The InternalPerspective

The challenge of the process-managed enterprise is to remain focused and capable to achieve the expectations of, and the intentions towards, the external environment that you have selected for yourself.  This is the second tier of the new common sense.

Now we have to identify, design, develop, implement, and continuously manage new internal capabilities that are in synch with our ever-changing external criteria.

Attributes of such enterprises include:

  • Clear responsibility for external relationship management and performance.  (Relationship Custodians)

  • Common definition of what are our start-to-end processes.  (Overall Process Map)

  • Clear identification of which external stakeholders are involved with or affected by each process.  (Who cares?)
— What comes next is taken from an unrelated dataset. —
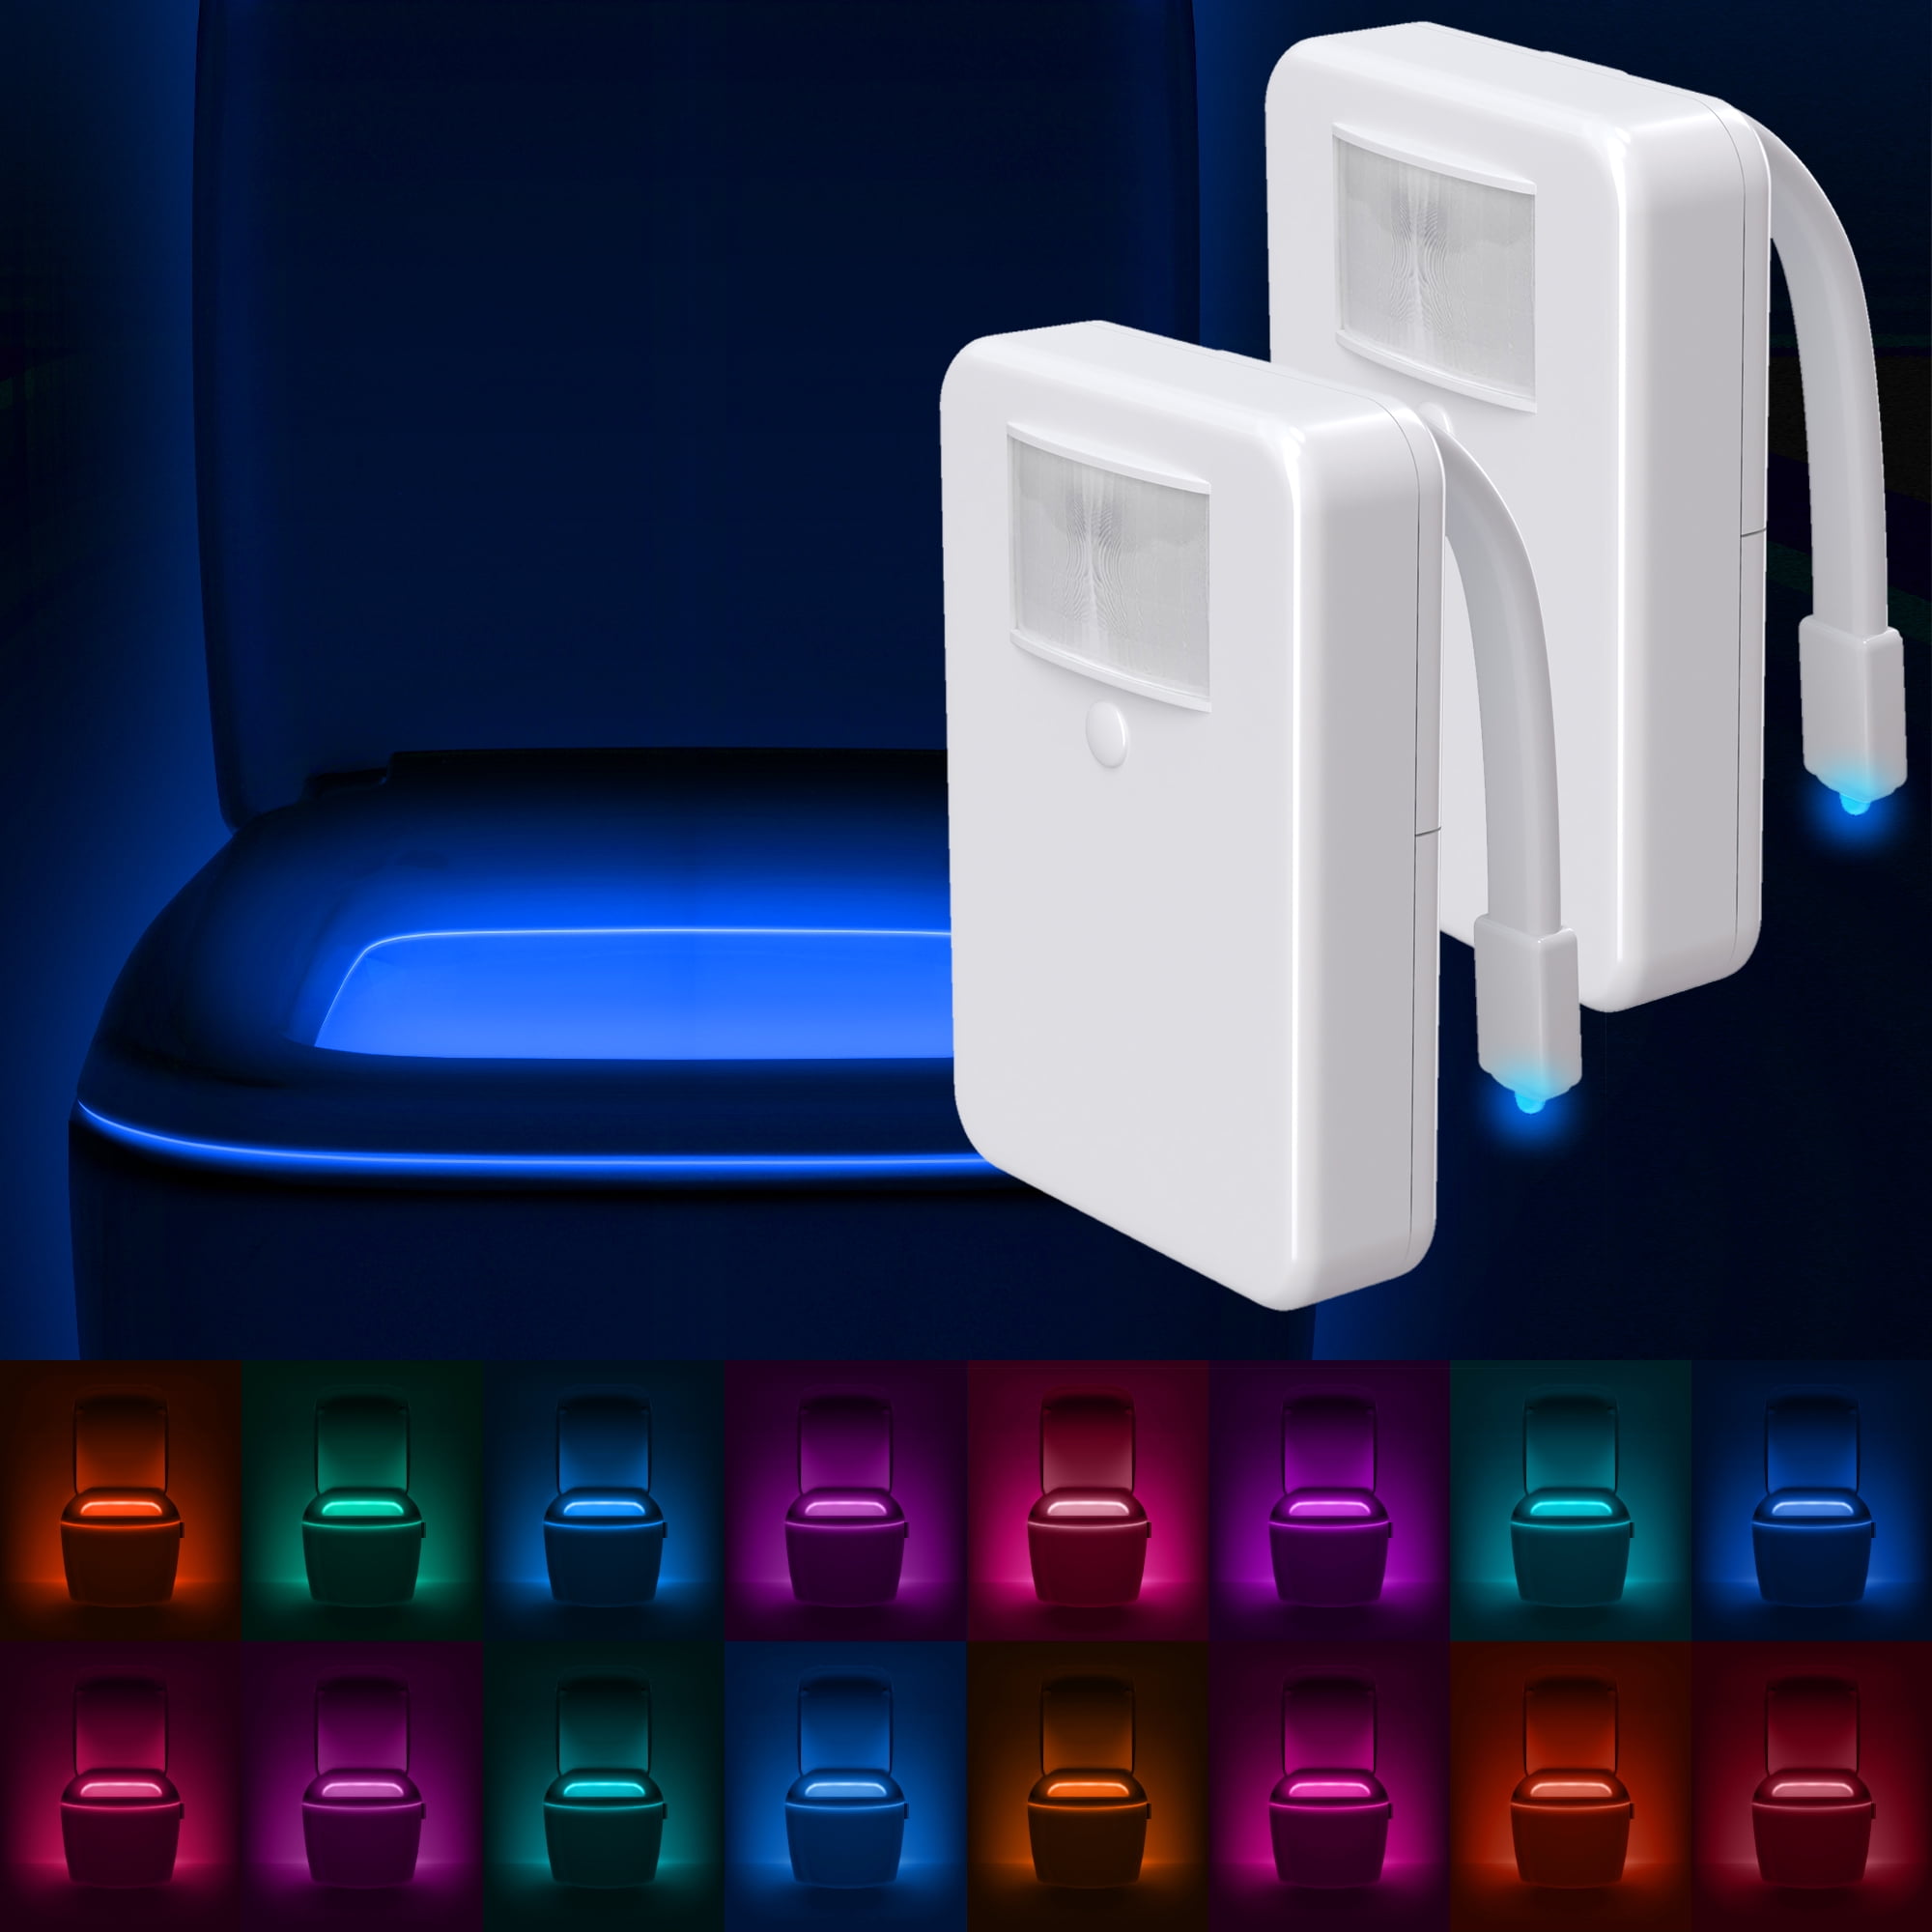 Details about   Toilet Light Motion Detection Advanced 16-Color LED Toilet Bowl Light

  • Common understanding of what stakeholders expect and what we intend for them for each process.  (What do we want them to care about?)

  • Understanding of what we exchange with them in this process and what triggers such exchanges?

  • An organizational structure which supports process management as well as functional expertise.

  • Clear responsibility for all whole business processes that support the stakeholder relationships.  (Process Stewards)

  • Processes built for the enterprise itself to look outward and deliver better intelligence for internal guidance and governance.

  • Processes that establish and communicate business strategy effectively.

  • Processes that consider the various stages in the lifecycle of all stakeholder relationships.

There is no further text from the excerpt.